→ TASK STATEMENT: Where a picture appears, skip it and copy everything else in the listing exactly.

→ INPUT DATA:
===

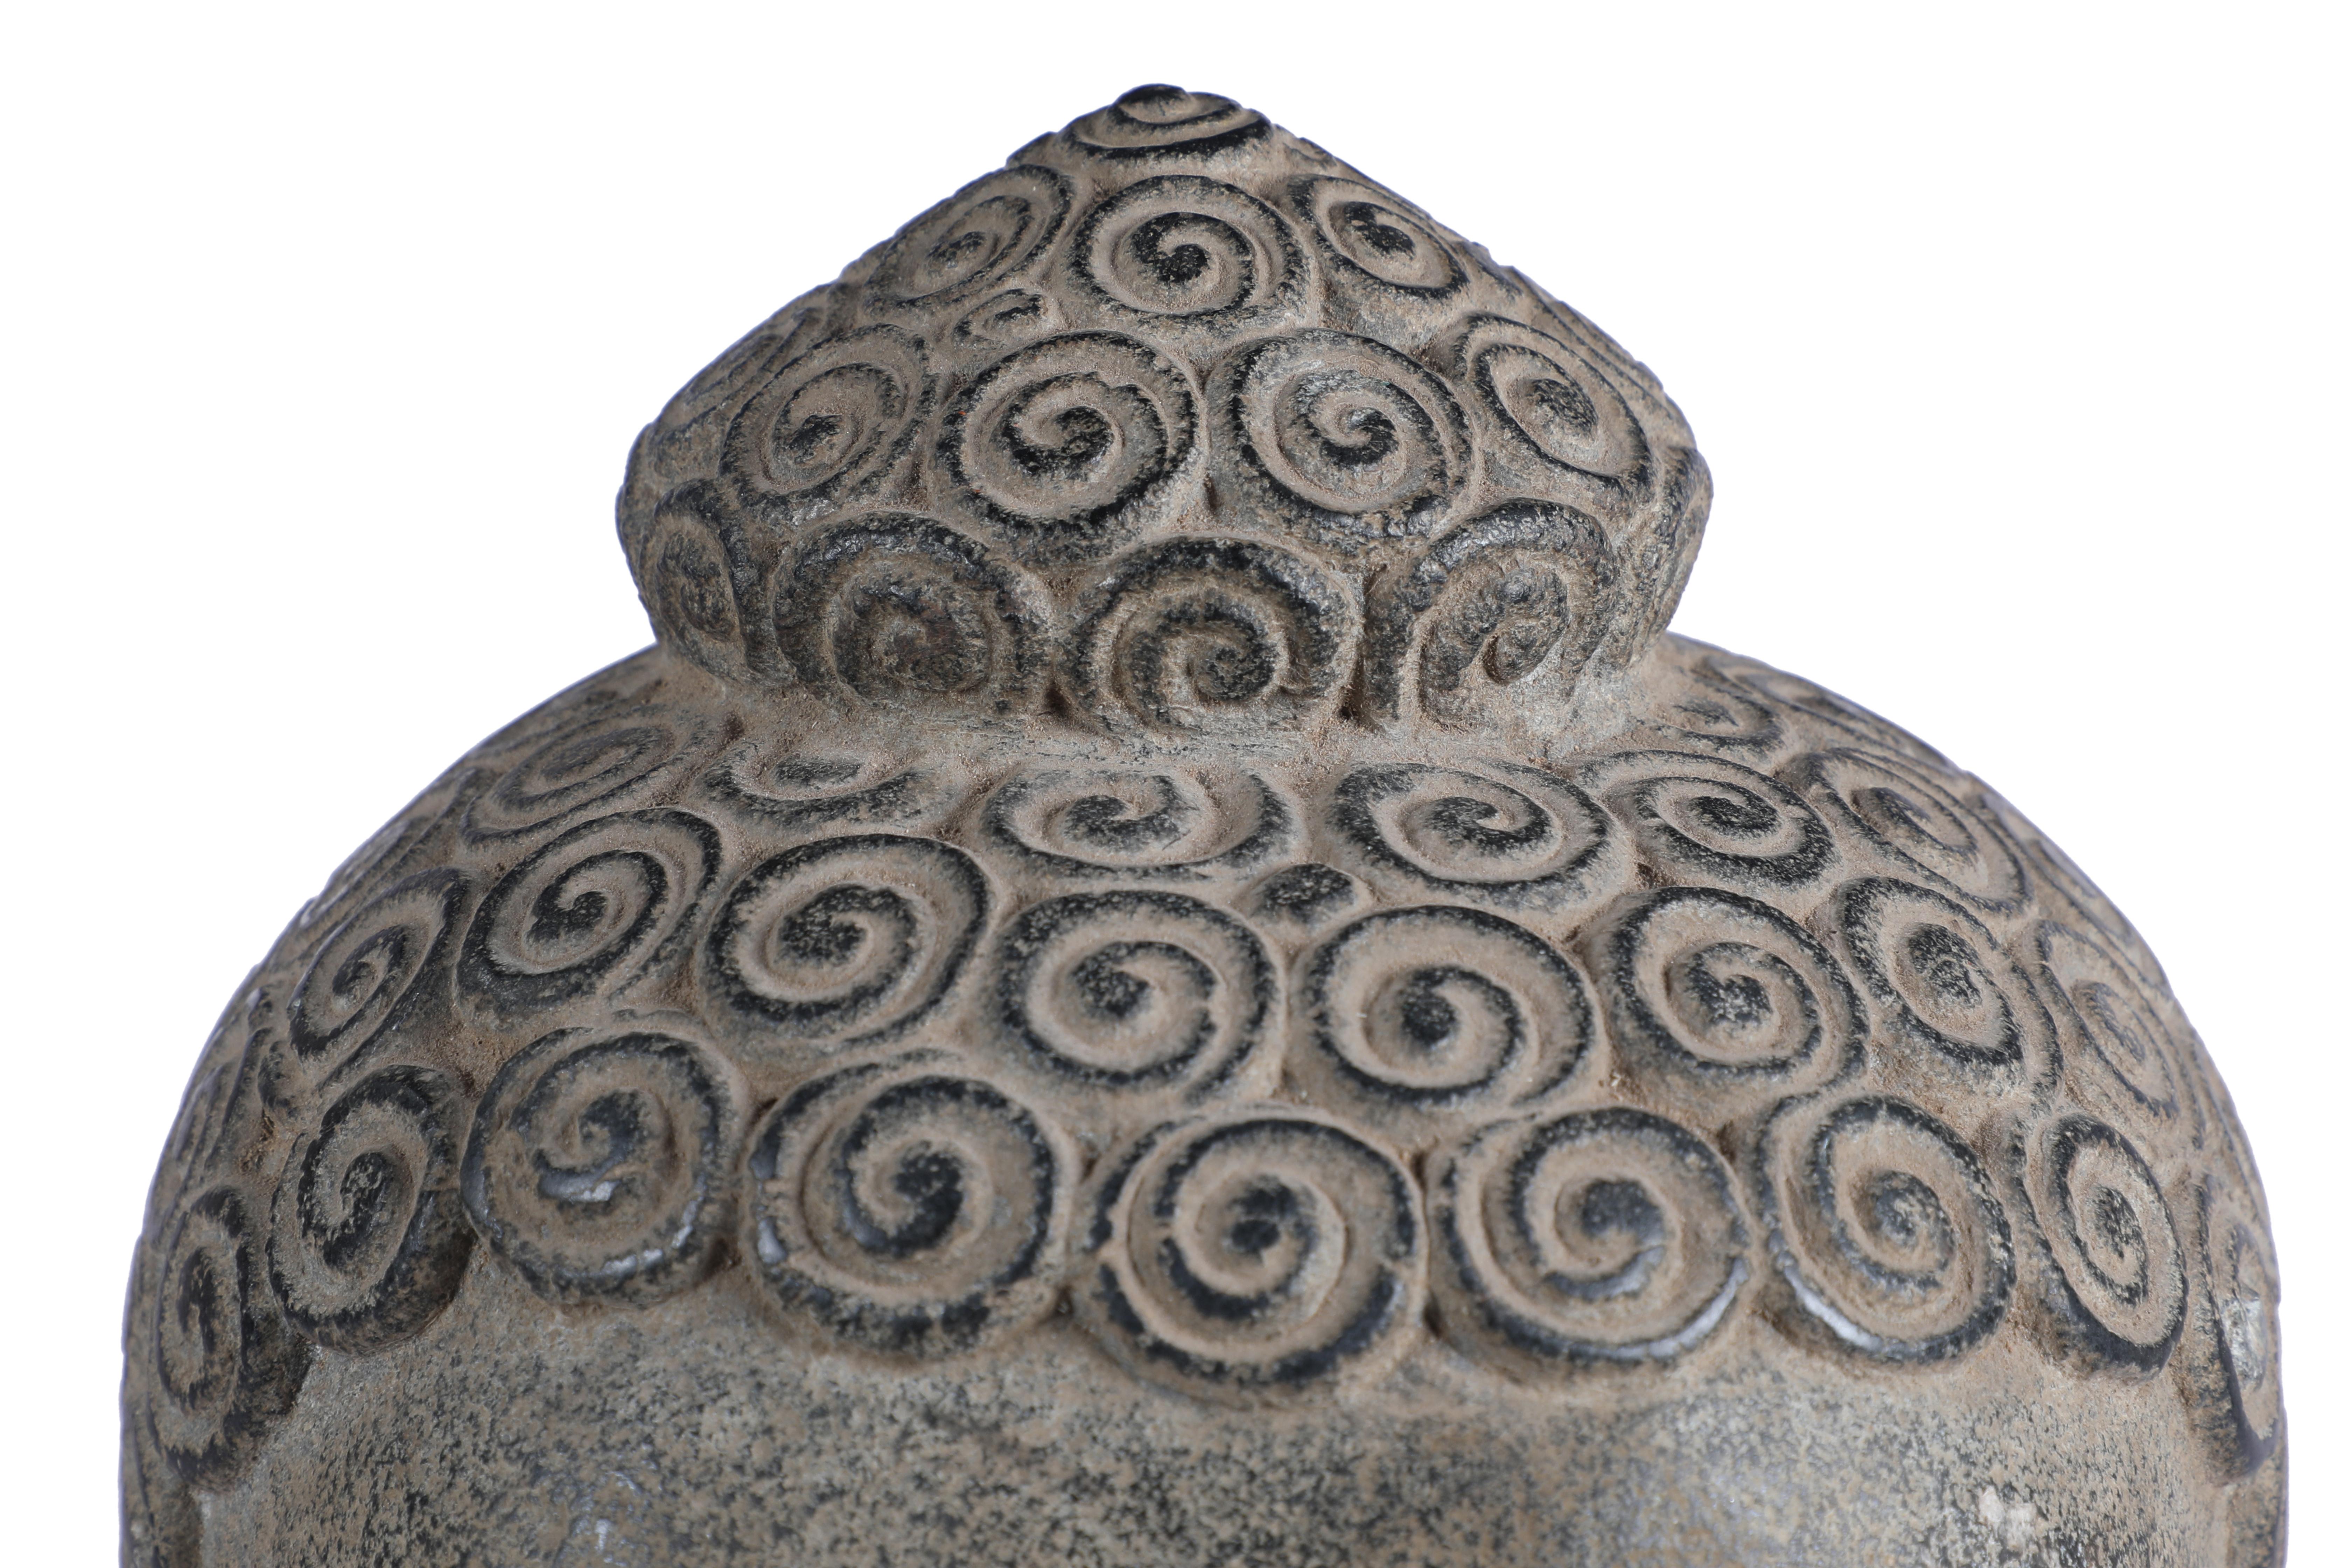 Ein schöner, friedlicher Buddha-Kopf aus Granit auf einem Holzsockel, Anfang 1900, Utttar Pradesh, Nordindien. Zu den handgeschnitzten Merkmalen gehören die typischen Schneckenhauslocken, die verlängerten Ohren, die halbgeschlossenen Augen und das
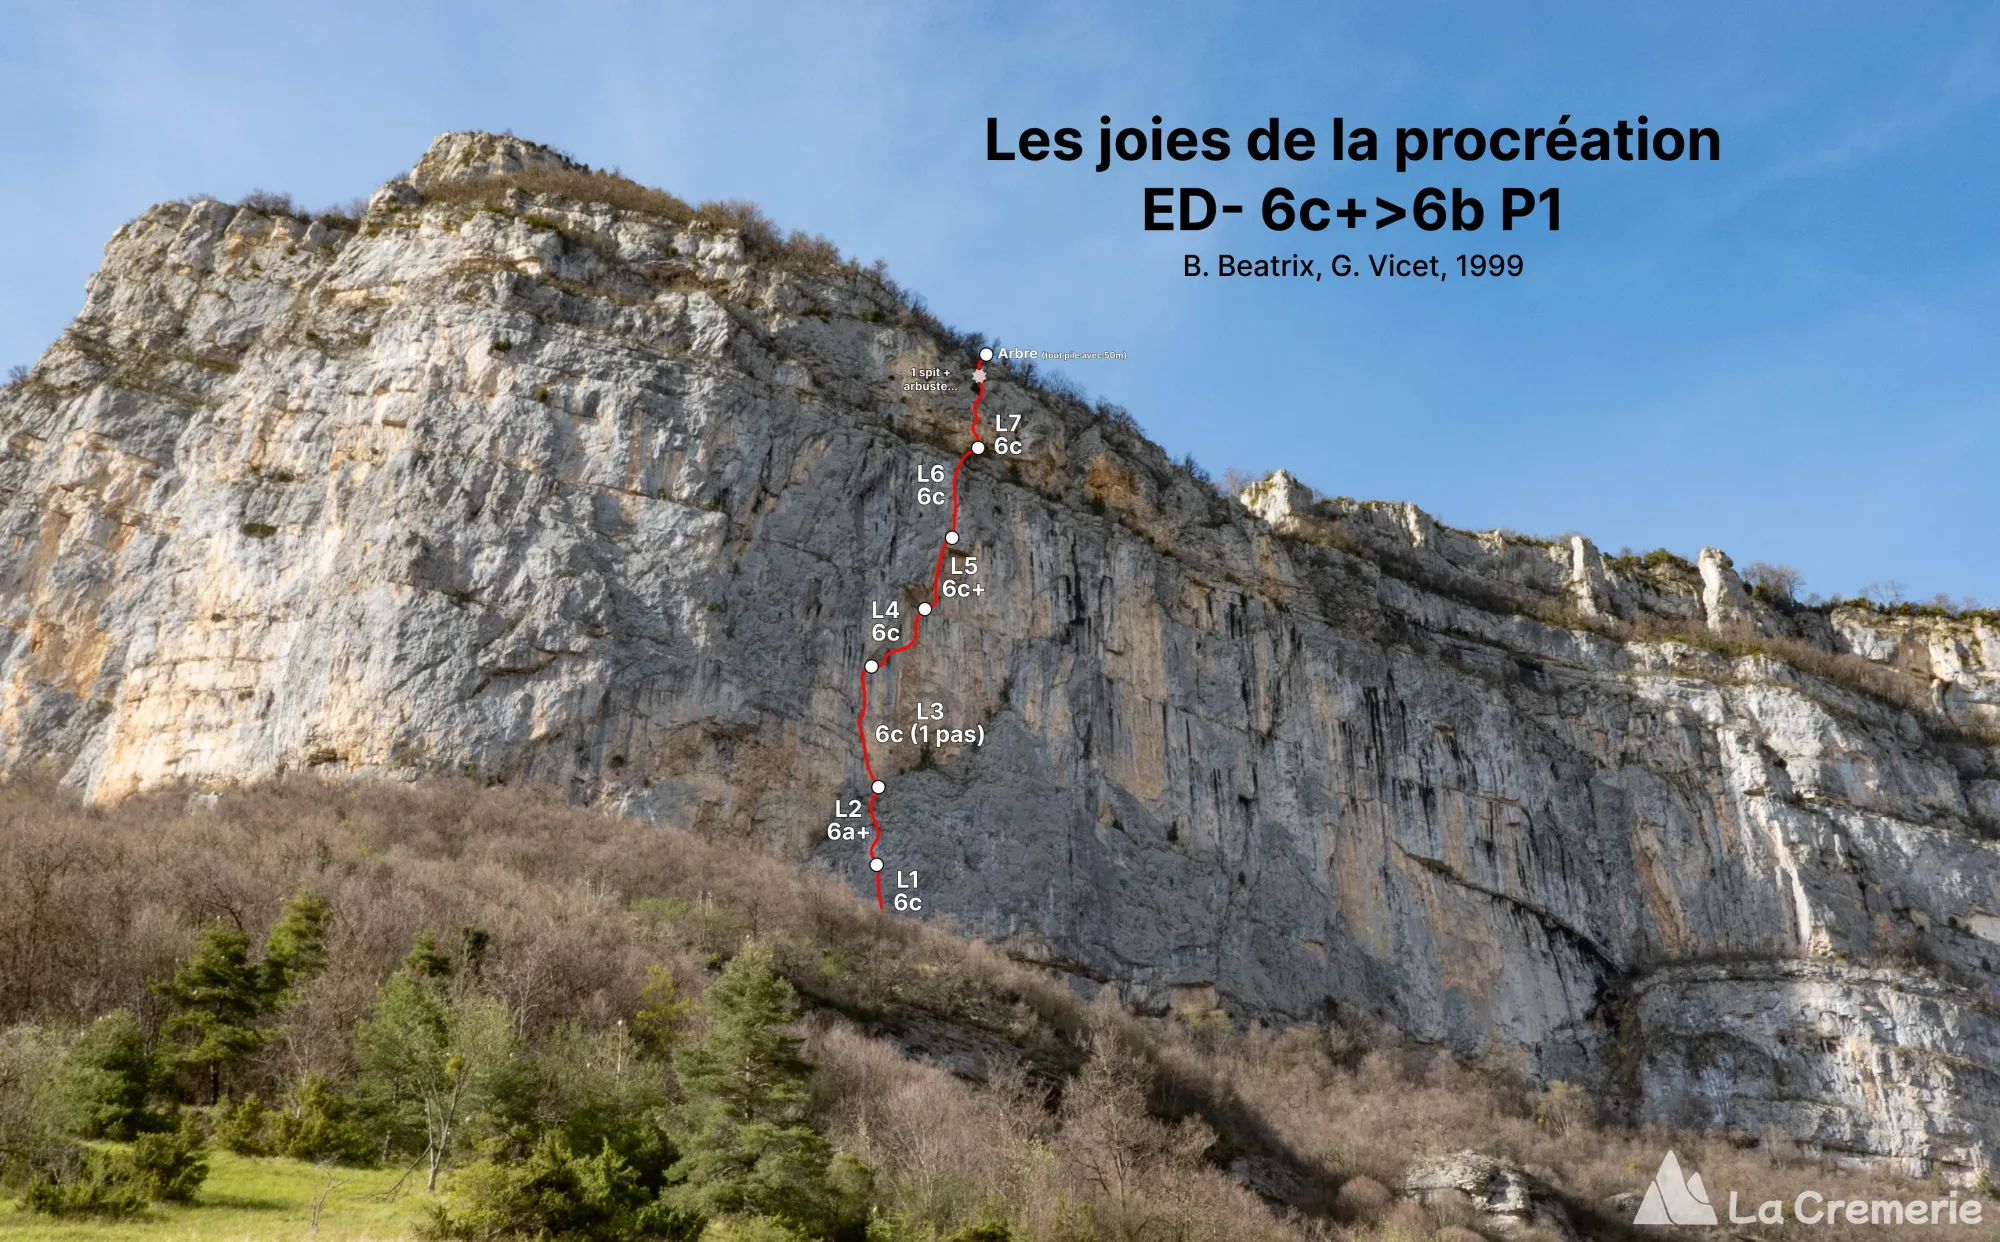 Tracé estimatif de la grande voie Les joies de la procréation ED- 6c+>6b P1 à Presles dans le Vercors
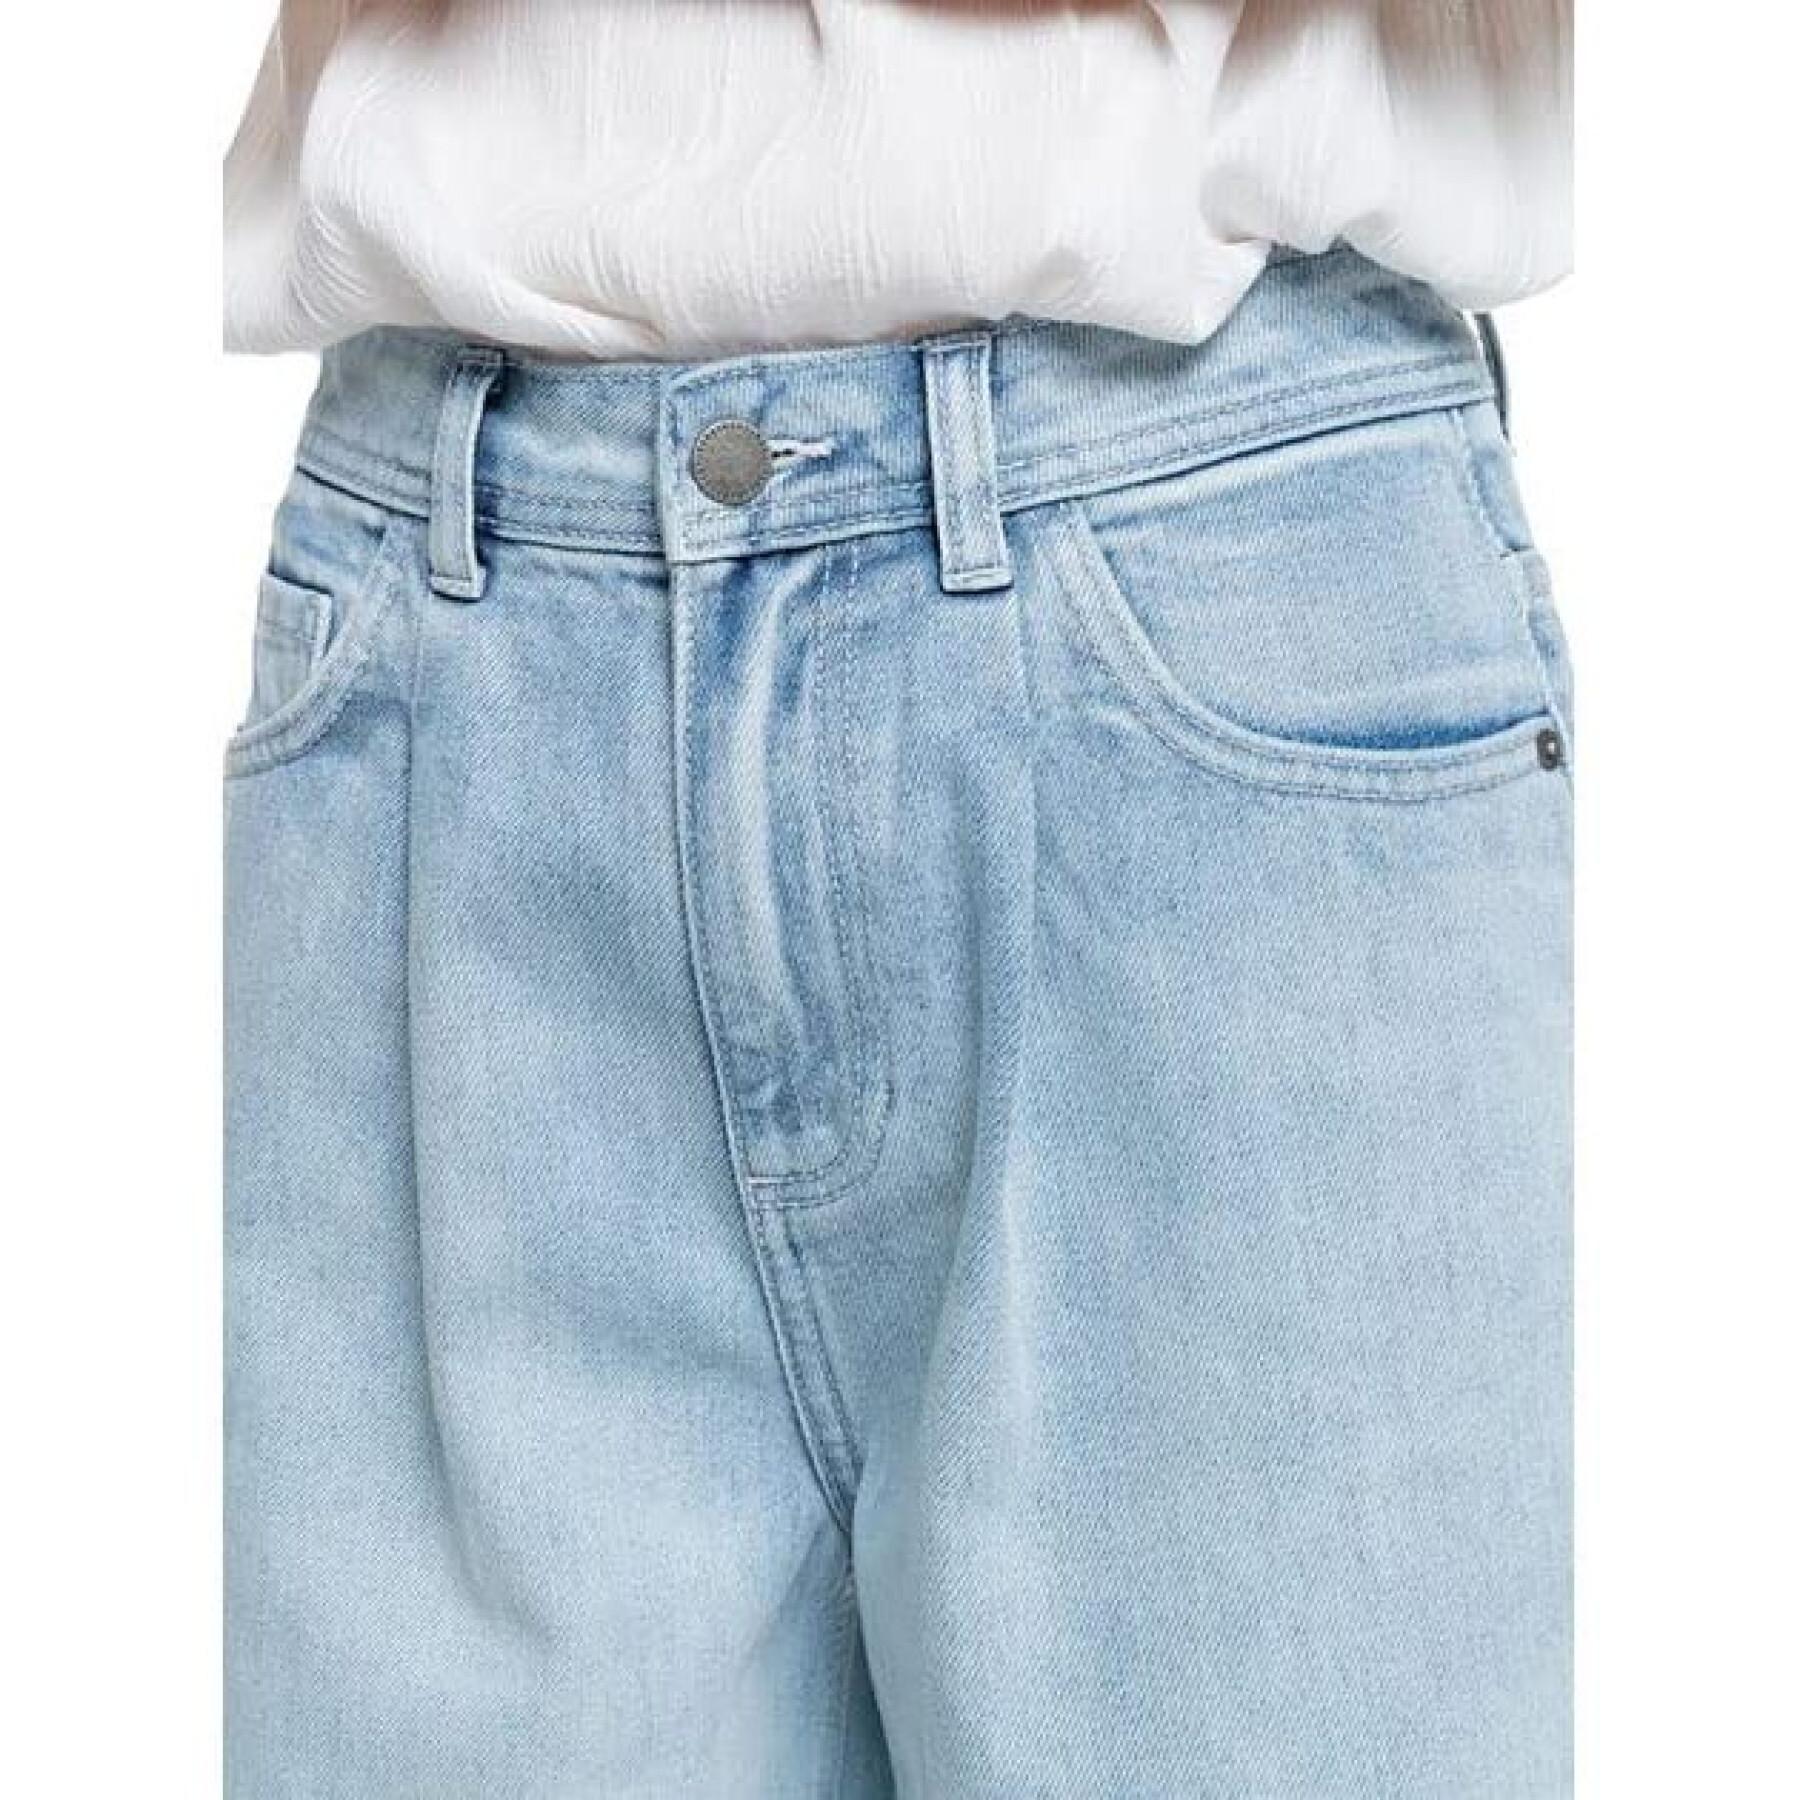 Jeans för kvinnor Roxy Opposite Way High

===

→ ANSWER:
 Ein schöner, friedlicher Buddha-Kopf aus Granit auf einem Holzsockel, Anfang 1900, Utttar Pradesh, Nordindien. Zu den handgeschnitzten Merkmalen gehören die typischen Schneckenhauslocken, die verlängerten Ohren, die halbgeschlossenen Augen und das
 Tracé estimatif de la grande voie Les joies de la procréation ED- 6c+>6b P1 à Presles dans le Vercors
 Jeans för kvinnor Roxy Opposite Way High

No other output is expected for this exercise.